Im2col SIMD for 2D Tensors

A SIMD-optimized implementation of the im2col operation for 2D images (e.g., grayscale). This repository provides C++ source code targeting AVX2 (x86_64) and NEON (Armv8) architectures, as well as a reference (non-SIMD) implementation. You can integrate the resulting library into your own C++ project or access it from Python through a simple Ctypes wrapper.

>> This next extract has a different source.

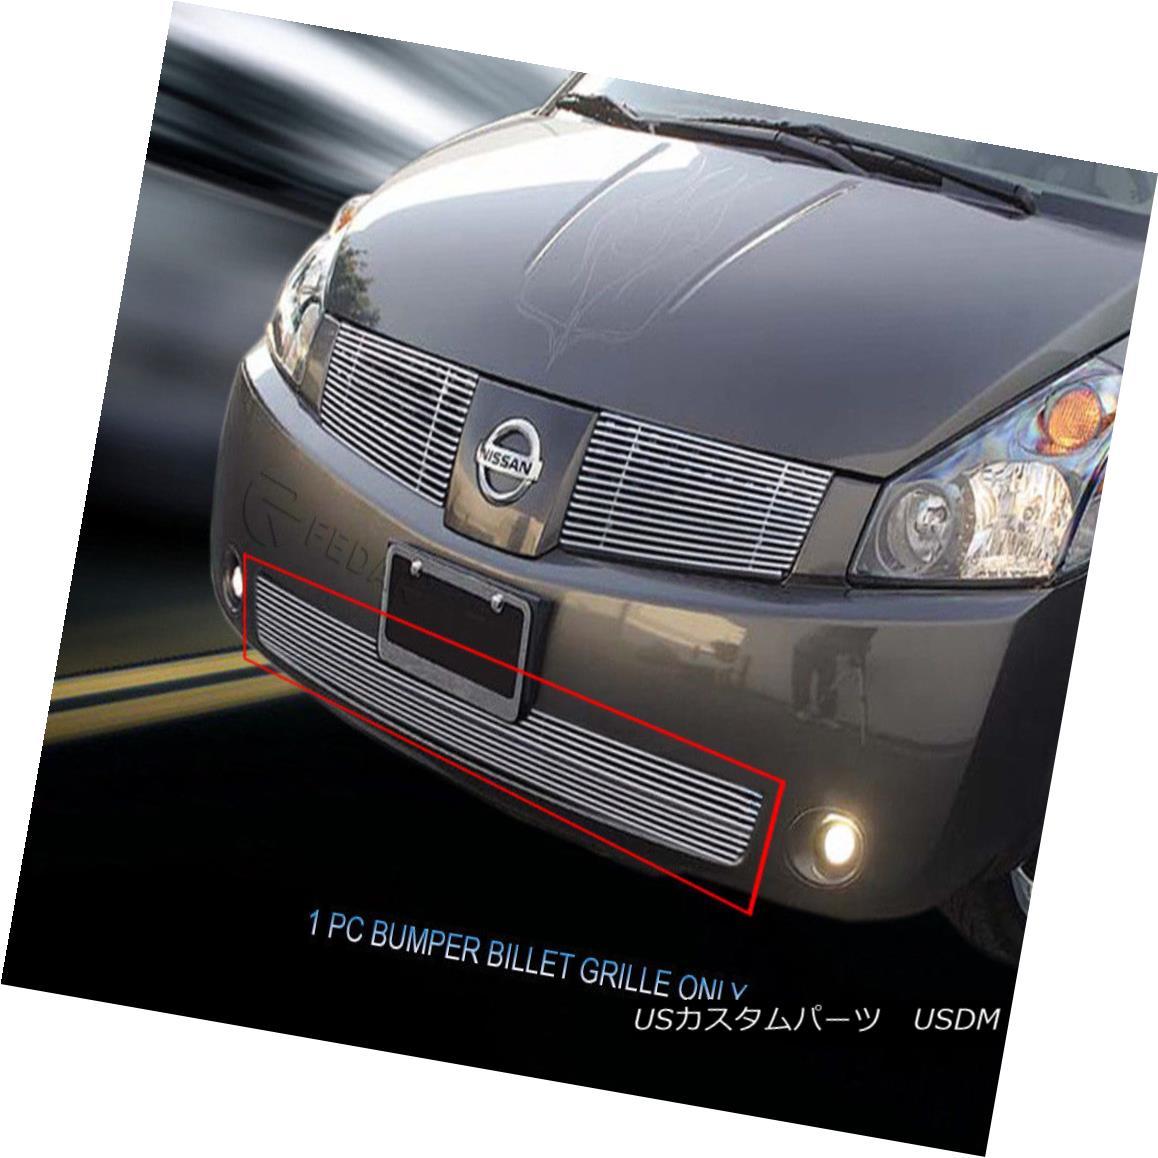 グリル For 2004-2006 Nissan Quest Bolt-On Billet Grille Bumper Grill Insert Fedar 2004-2006日産クエスト・ボルト・オン・ビレット・グリルバンパー・グリルインサート・フェルダ

Core utility developed for Mosaic-SR — used in production to accelerate patch extraction for the super-resolution pipeline on Arm CPU targets without GPU support.

Overview

The im2col (“image to column”) operation is commonly used in convolutional neural networks (CNNs) to transform a 2D image (or feature map) into a set of column vectors, facilitating efficient matrix-multiplication-based convolutions.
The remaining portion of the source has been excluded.